Вы можете мне не верить, дело ваше, но скажу честно: истинную радость я получил не от денег, а реализуя свой талант инженера и предпринимателя, и этим я обязан теневой экономике. — Он помолчал, точно раздумывал о чем-то, и все же решился — может быть, ему надо было выговориться перед кем-то, а бывший прокурор представлялся идеальным слушателем. — Я был бы неискренен, если бы не сказал об удовлетворении еще одного, не самого достойного для человека чувства… как бы это понятнее объяснить?.. Я щедро кормлю свое чувство презрения, держа в зависимости от моих подачек многих здешних деятелей. Если Икрам любит, когда перед ним выламываются танцовщицы, выпрашивая у него купюру покрупнее, то я получаю удовольствие от 'танцев' продажных руководителей, стремящихся выцыганить у меня то же самое, что и полуголые танцовщицы.

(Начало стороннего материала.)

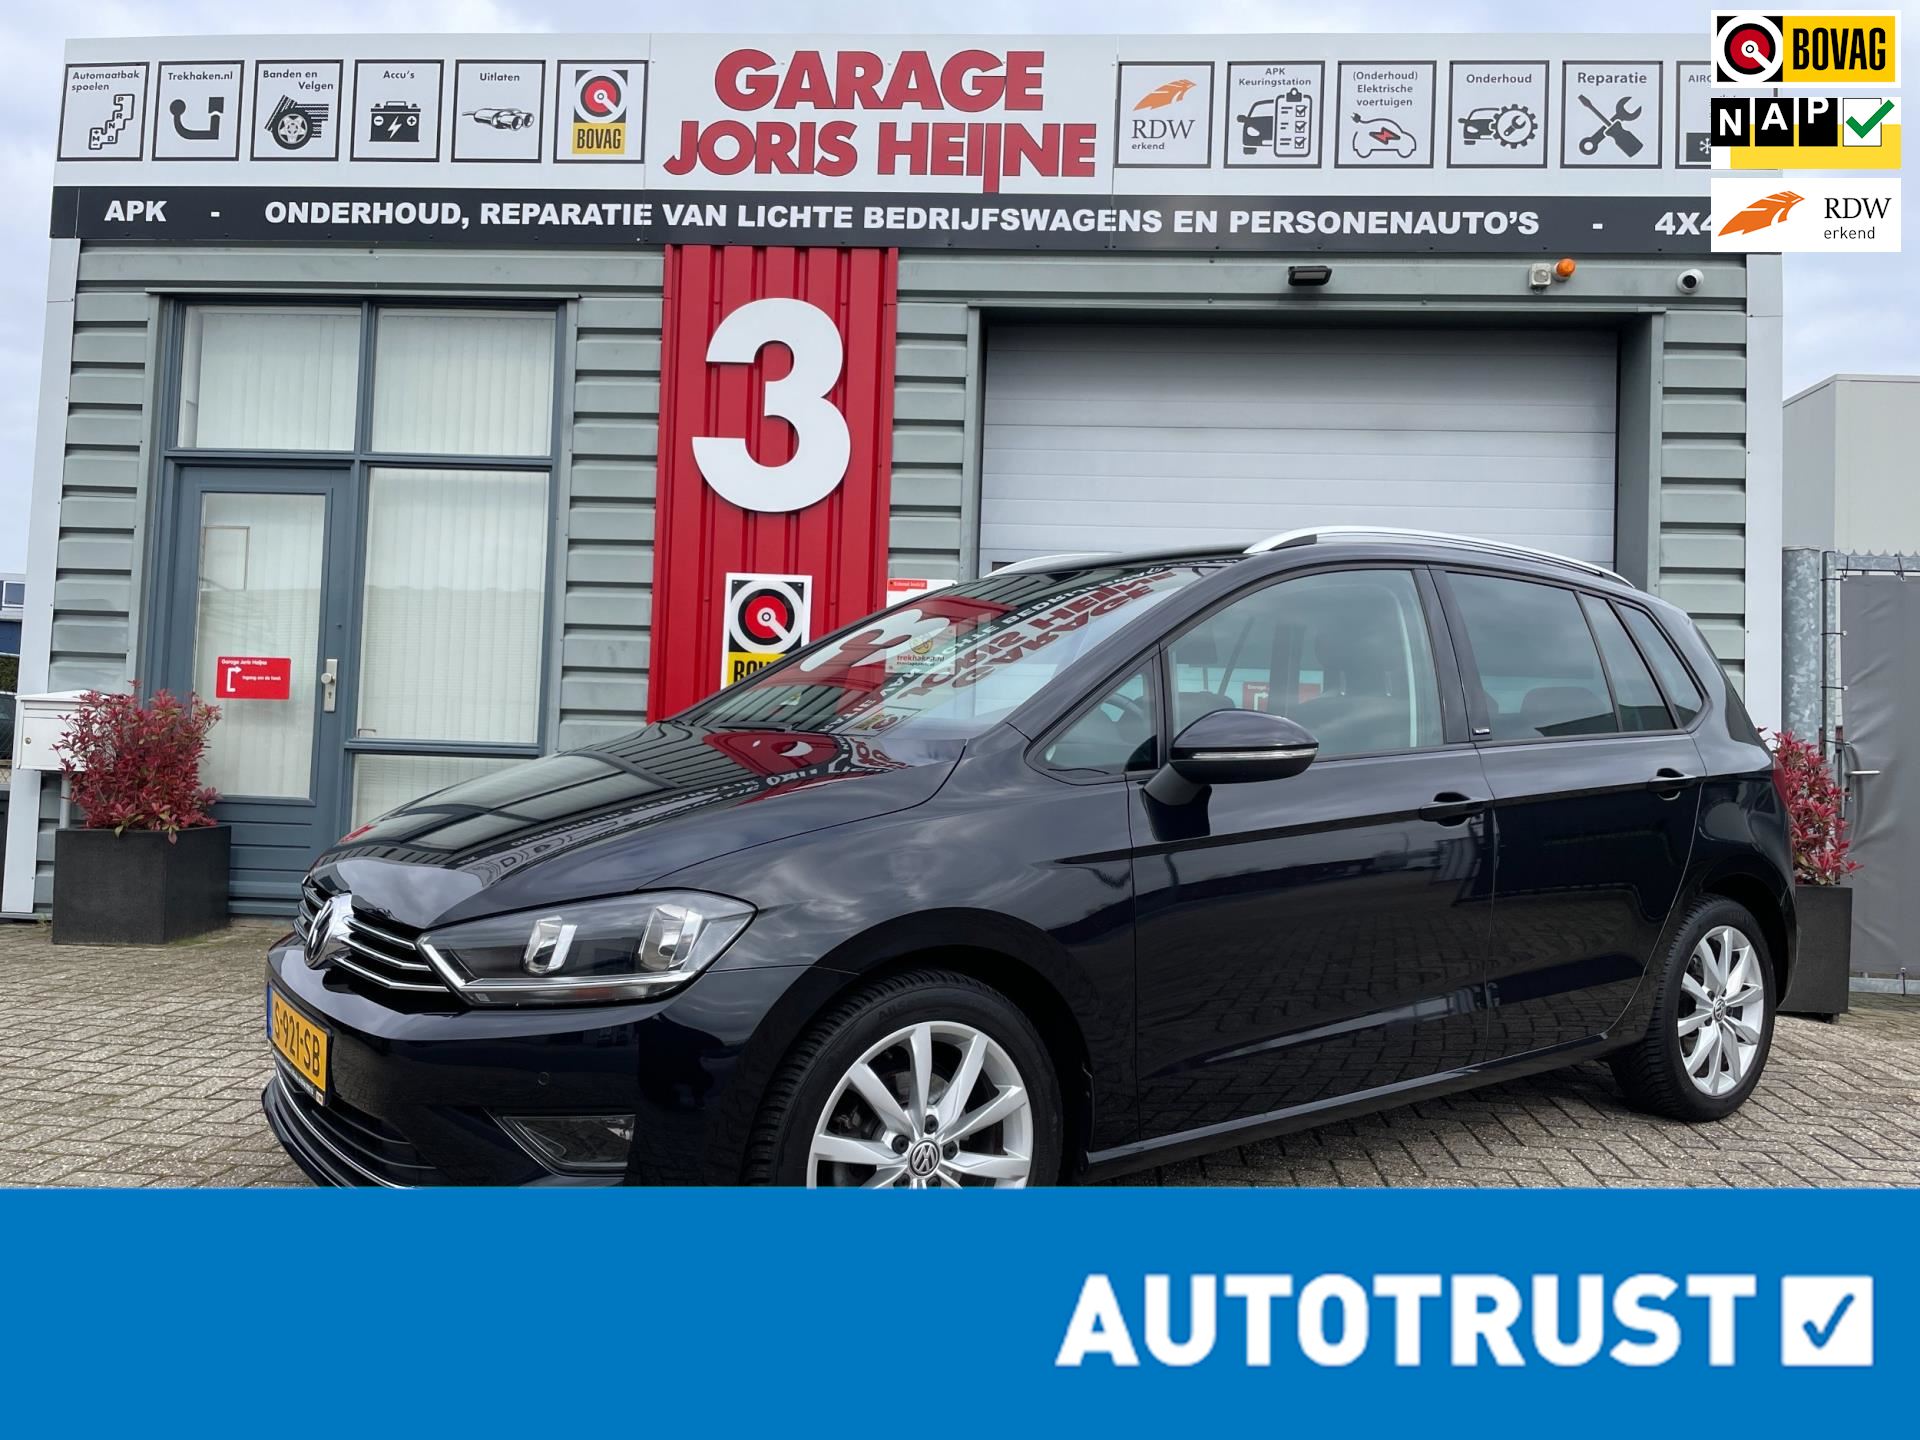 Volkswagen GOLF SPORTSVAN occasion - Garage Joris Heijne
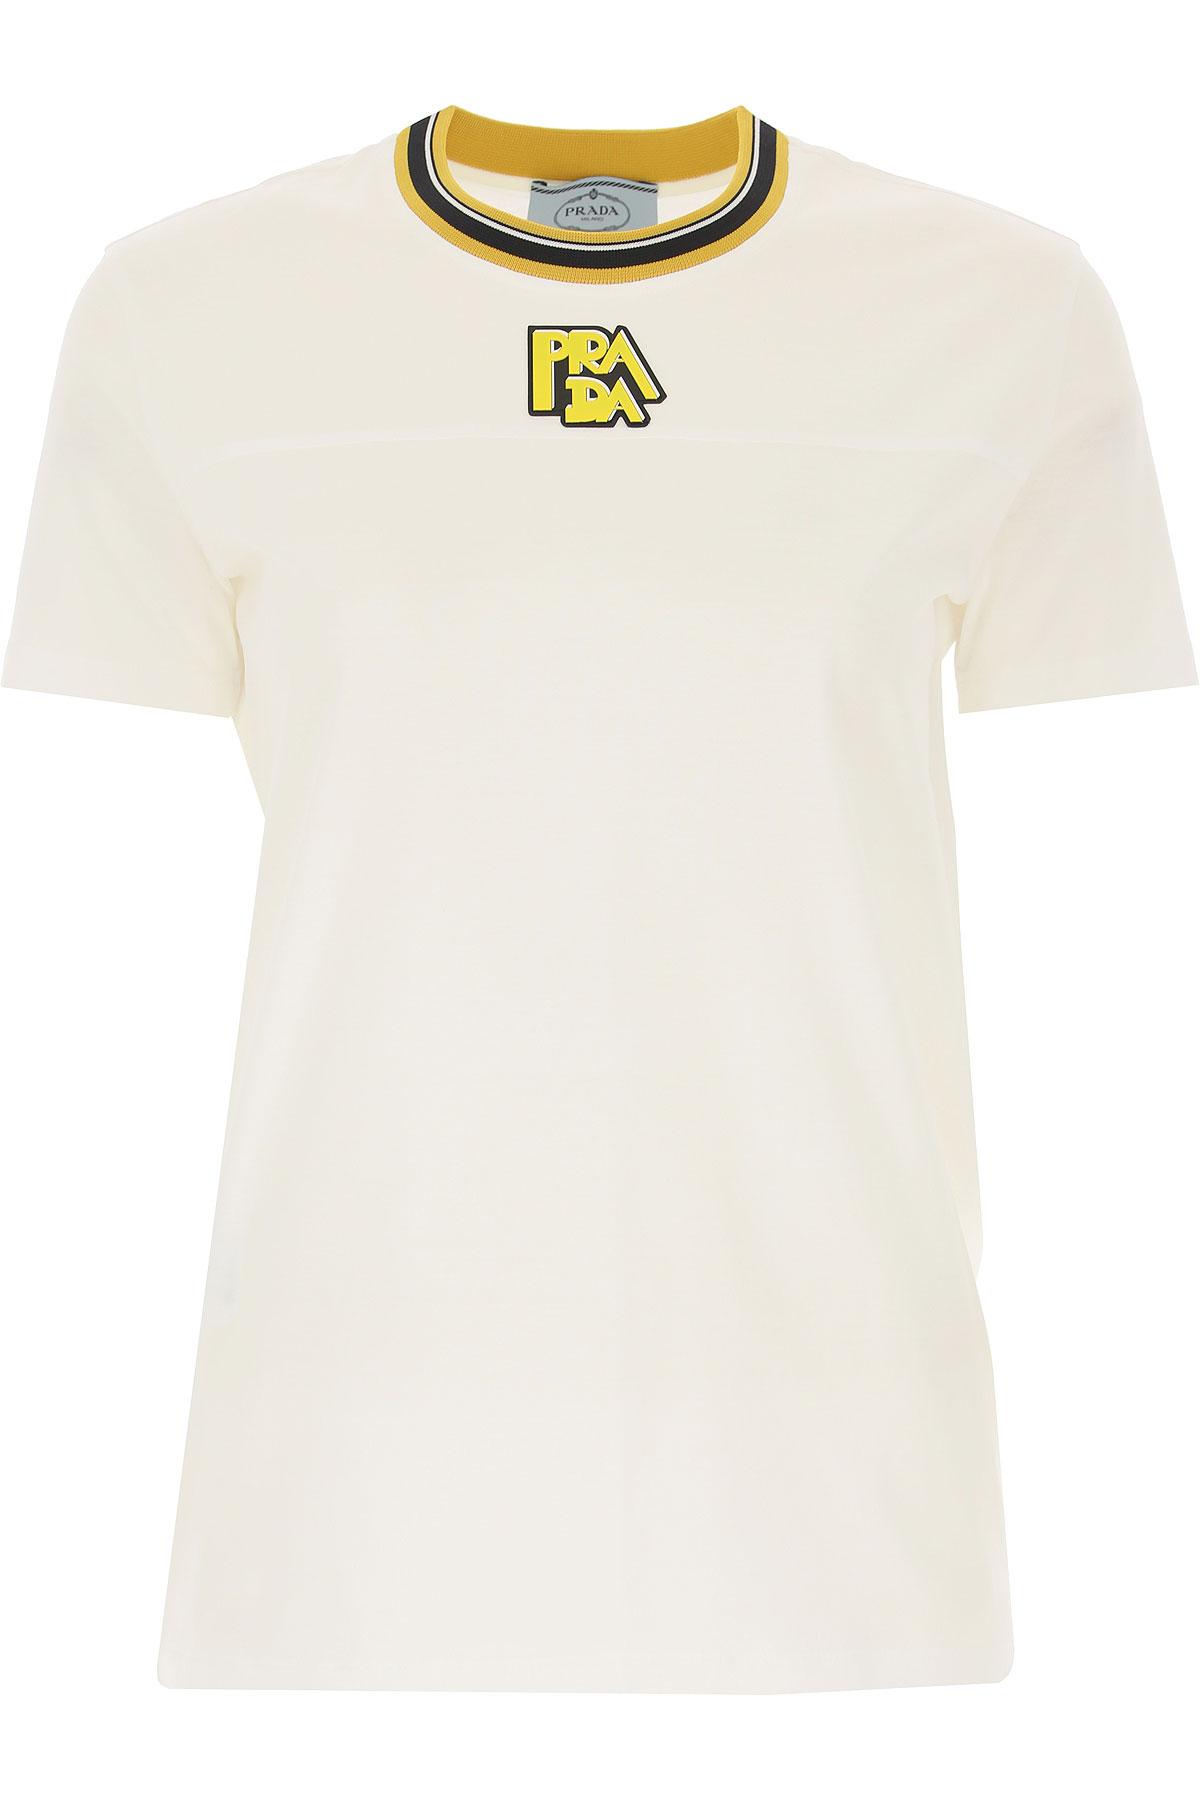 Prada T-shirt For Women in White - Lyst

Это — моя месть за то, что не дали мне возможности состояться как инженеру в легальном, что ли, мире. Ведь в большинстве своем это как раз те люди, что заправляют кадрами и экономикой. Ни одному из них, кроме первого, конечно — тот мужик крутой, настоящий хан, — я не дал взятки или пая, не унижая. Например, мне доставляет удовольствие приглашать за мздой одновременно человека, ведающего правопорядком, контролем, и какого-нибудь крупного чиновника. Оба догадываются, за чем пришел каждый из них, но ведут такие высокопарные беседы — скажем, о предстоящем идеологическом пленуме… Бывает, у одного в это время конверт уже в кармане, а купюры как раз 'попались' мелочью, вроде десяток или четвертных. И вот сидит он с оттопыренным, распухшим карманом и, не моргнув глазом, рассуждает о партийной честности, морали, нравственности.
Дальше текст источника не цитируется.